Dataset content ->
┄┄┄┄┄┄
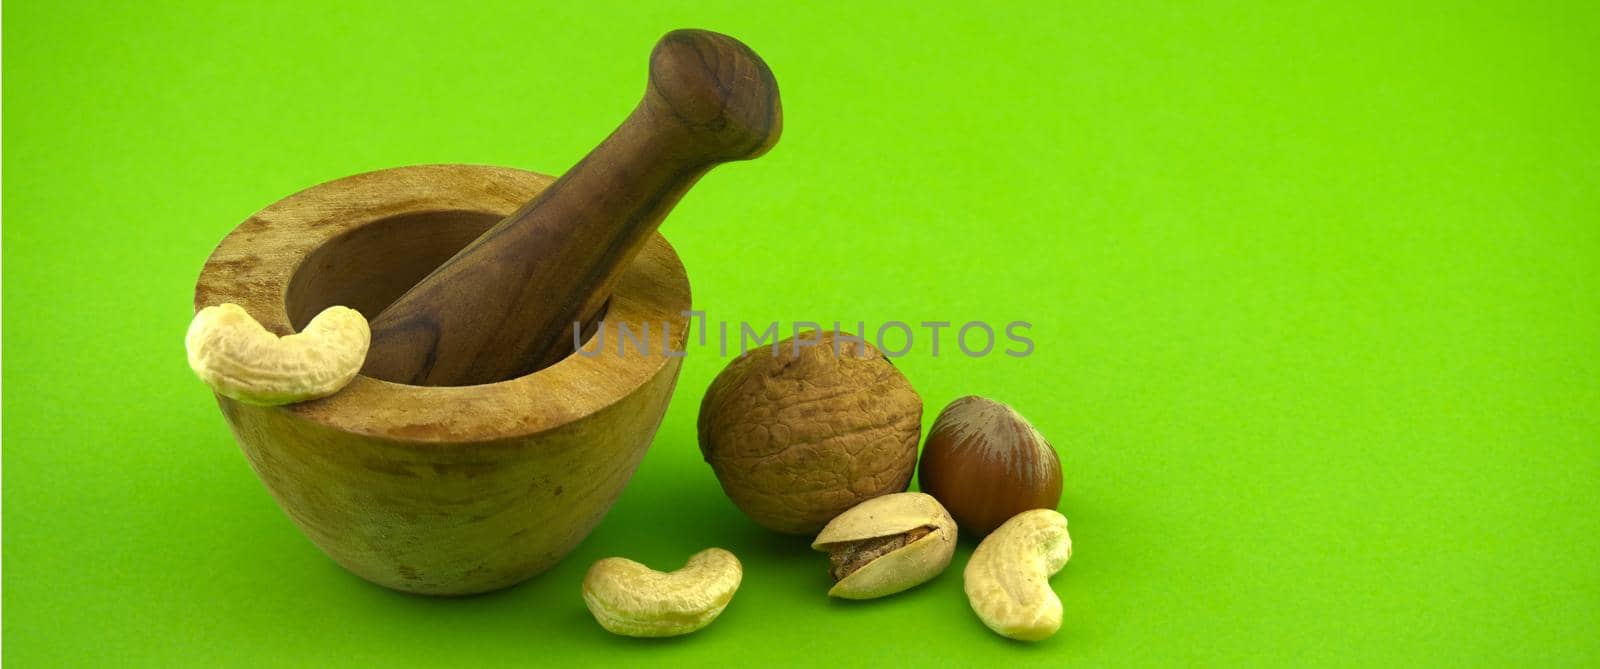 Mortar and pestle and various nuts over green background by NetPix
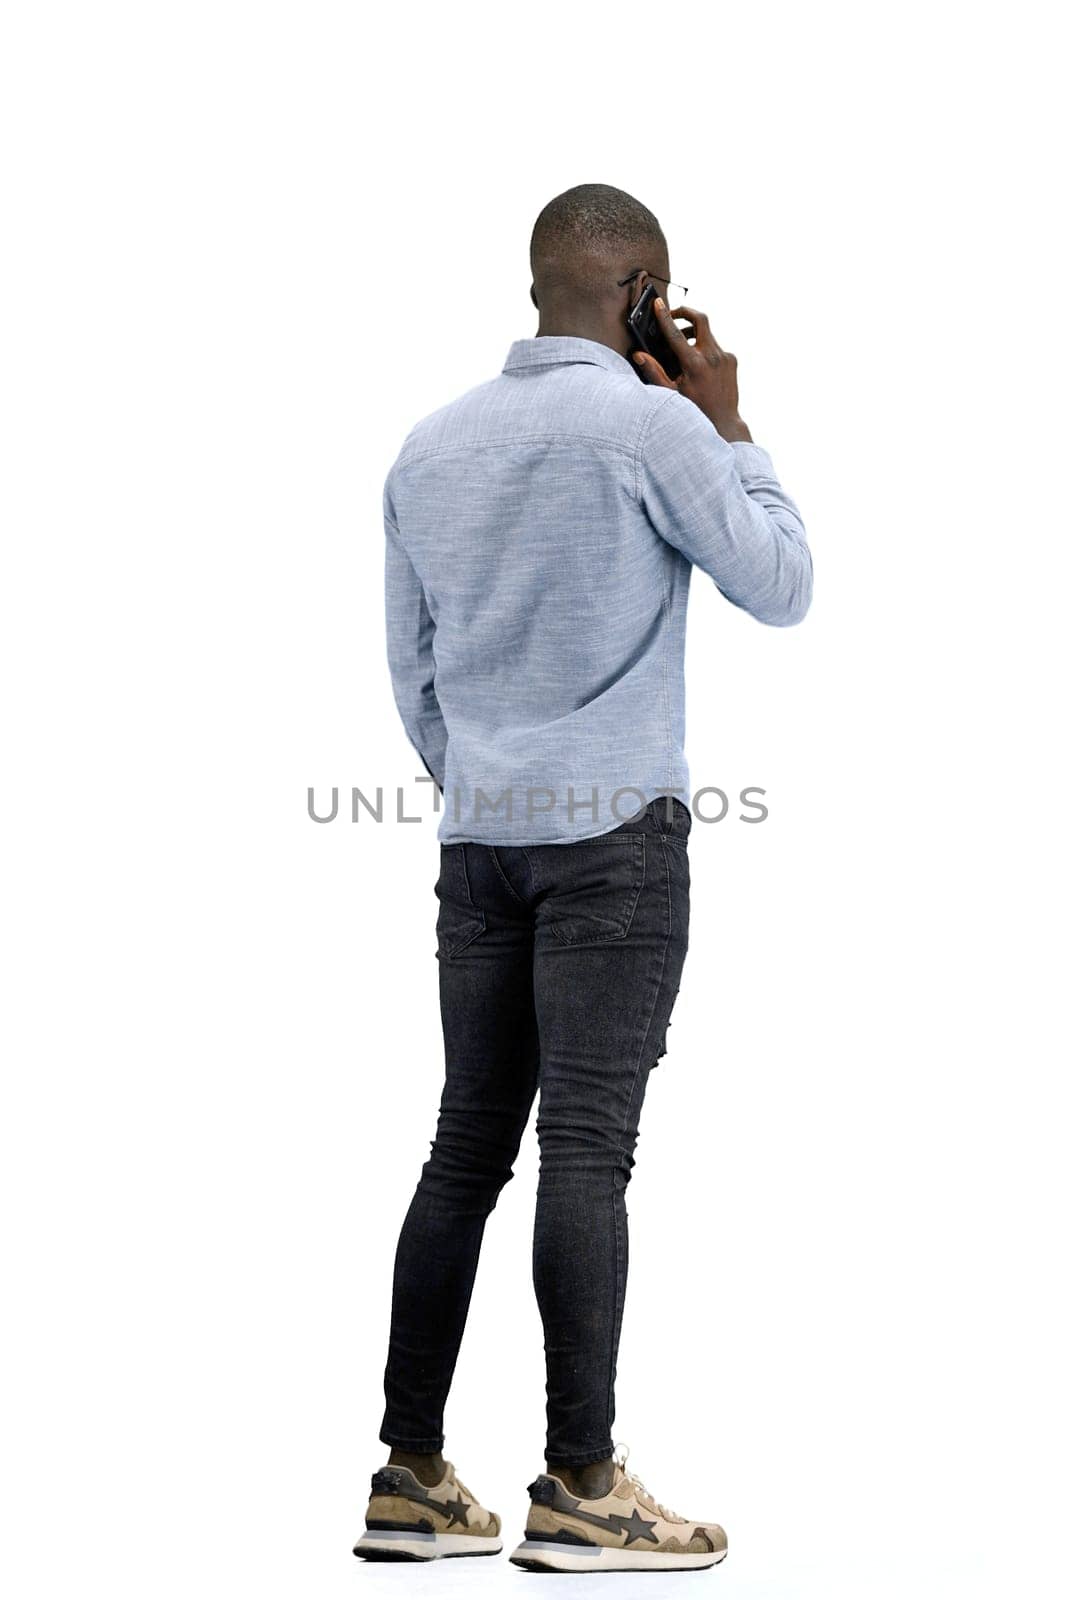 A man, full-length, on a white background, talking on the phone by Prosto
┄┄┄┄┄┄
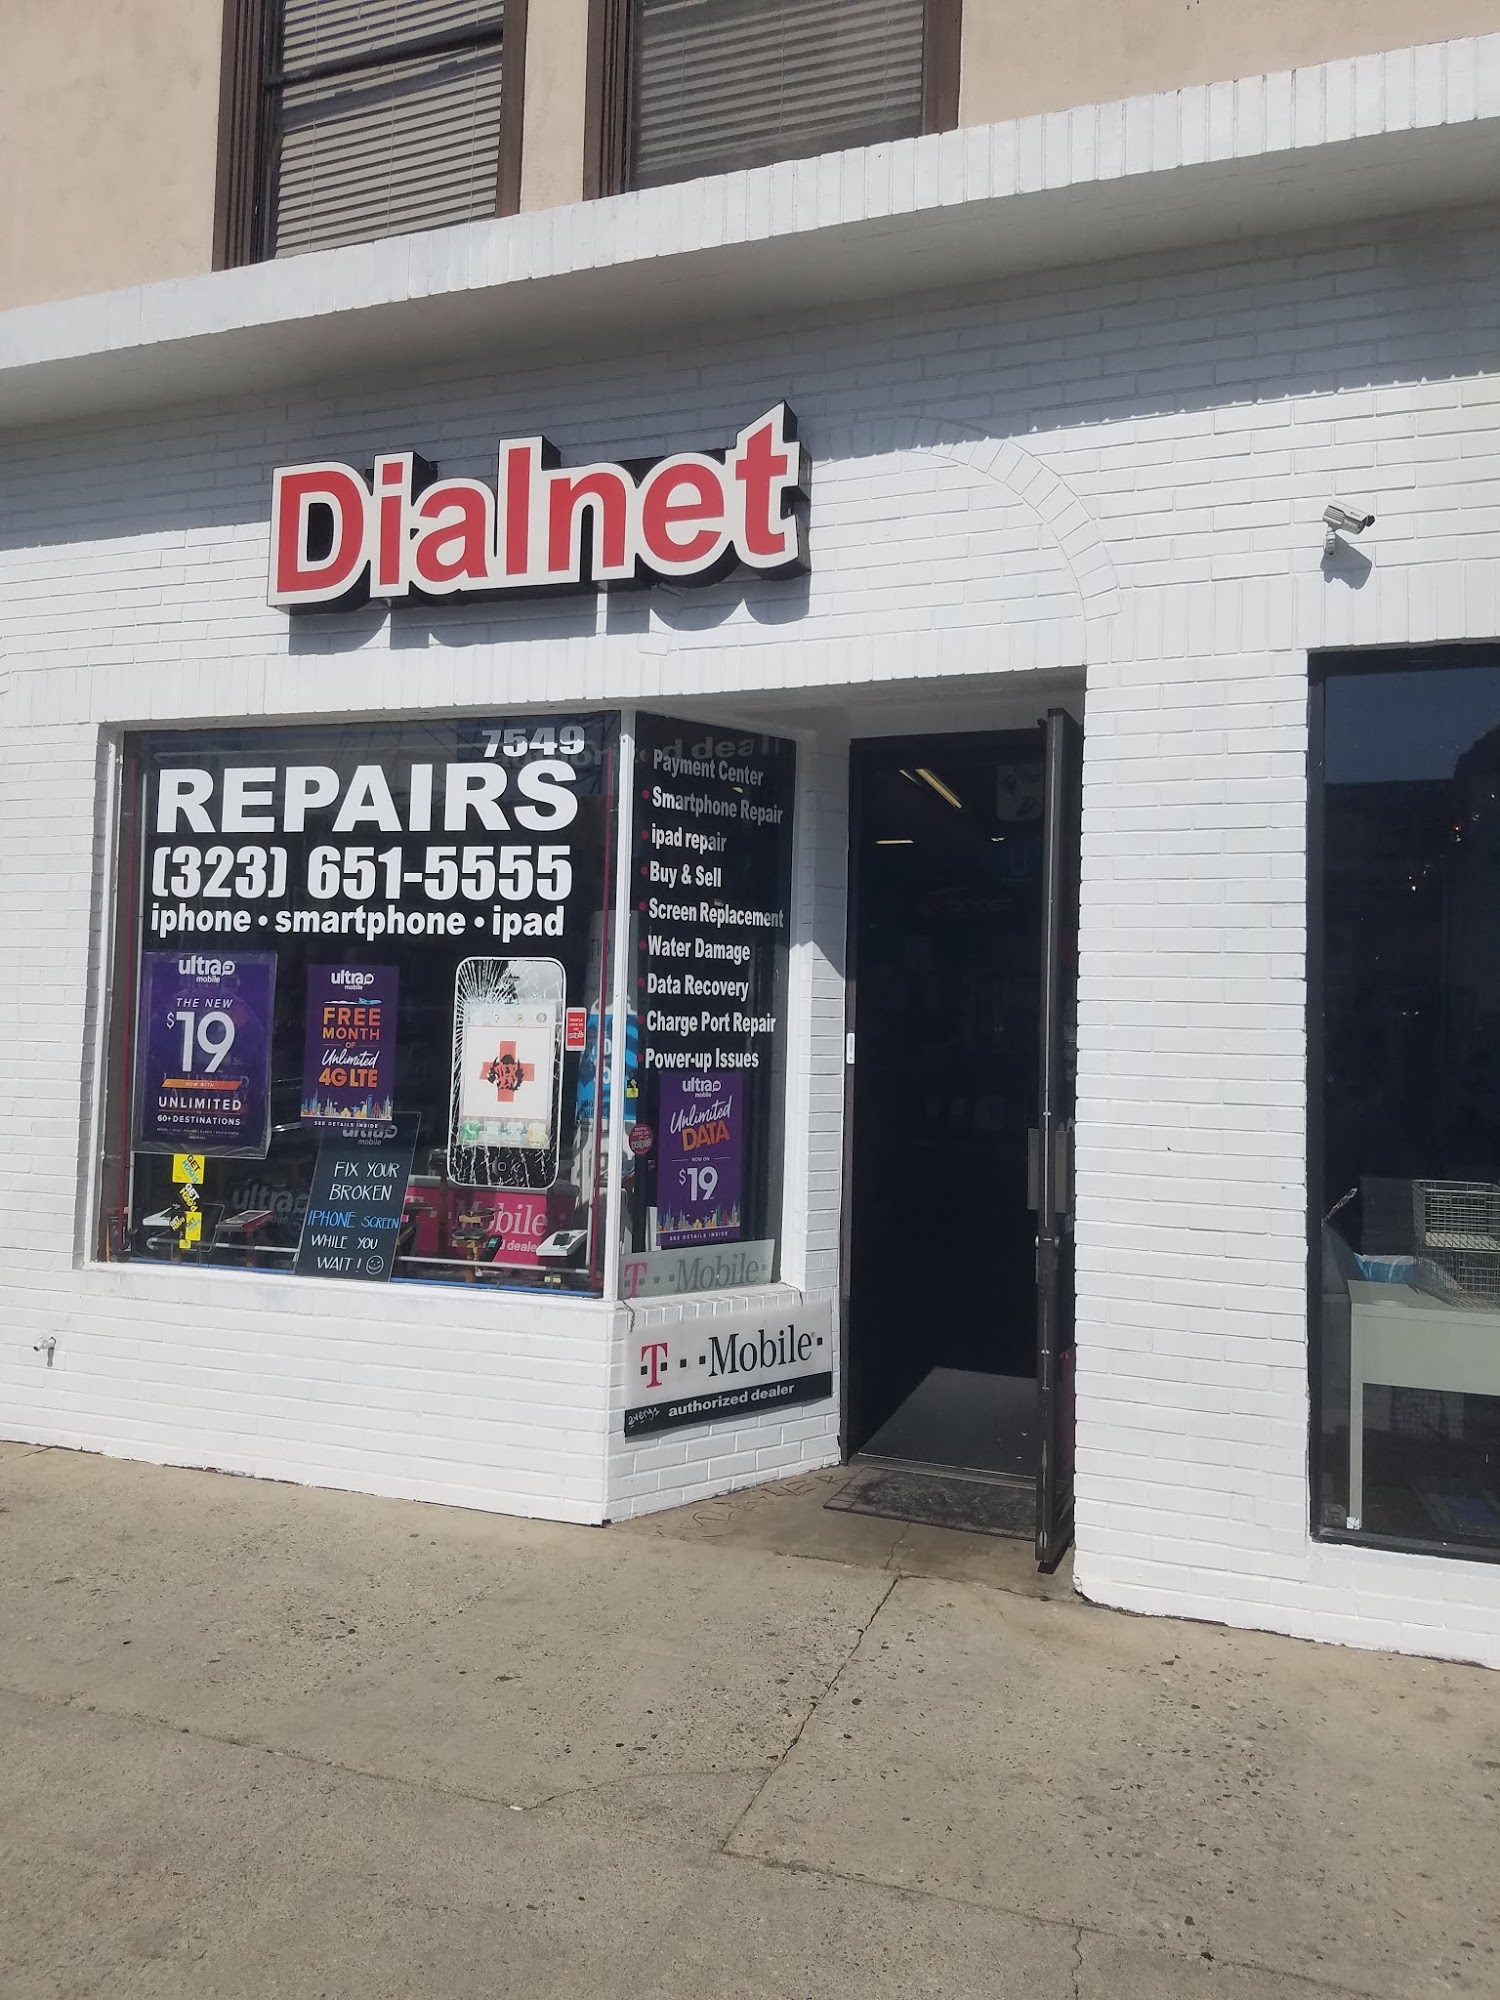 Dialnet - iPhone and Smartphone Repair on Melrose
┄┄┄┄┄┄
Task prompt ->
Would you copy the lines above exactly, starting with the one that has "Mortar and pestle" and ending with the one that has "A man, full-length, on", both included, without the pictures?

Result of the exercise ->
 Mortar and pestle and various nuts over green background by NetPix
 A man, full-length, on a white background, talking on the phone by Prosto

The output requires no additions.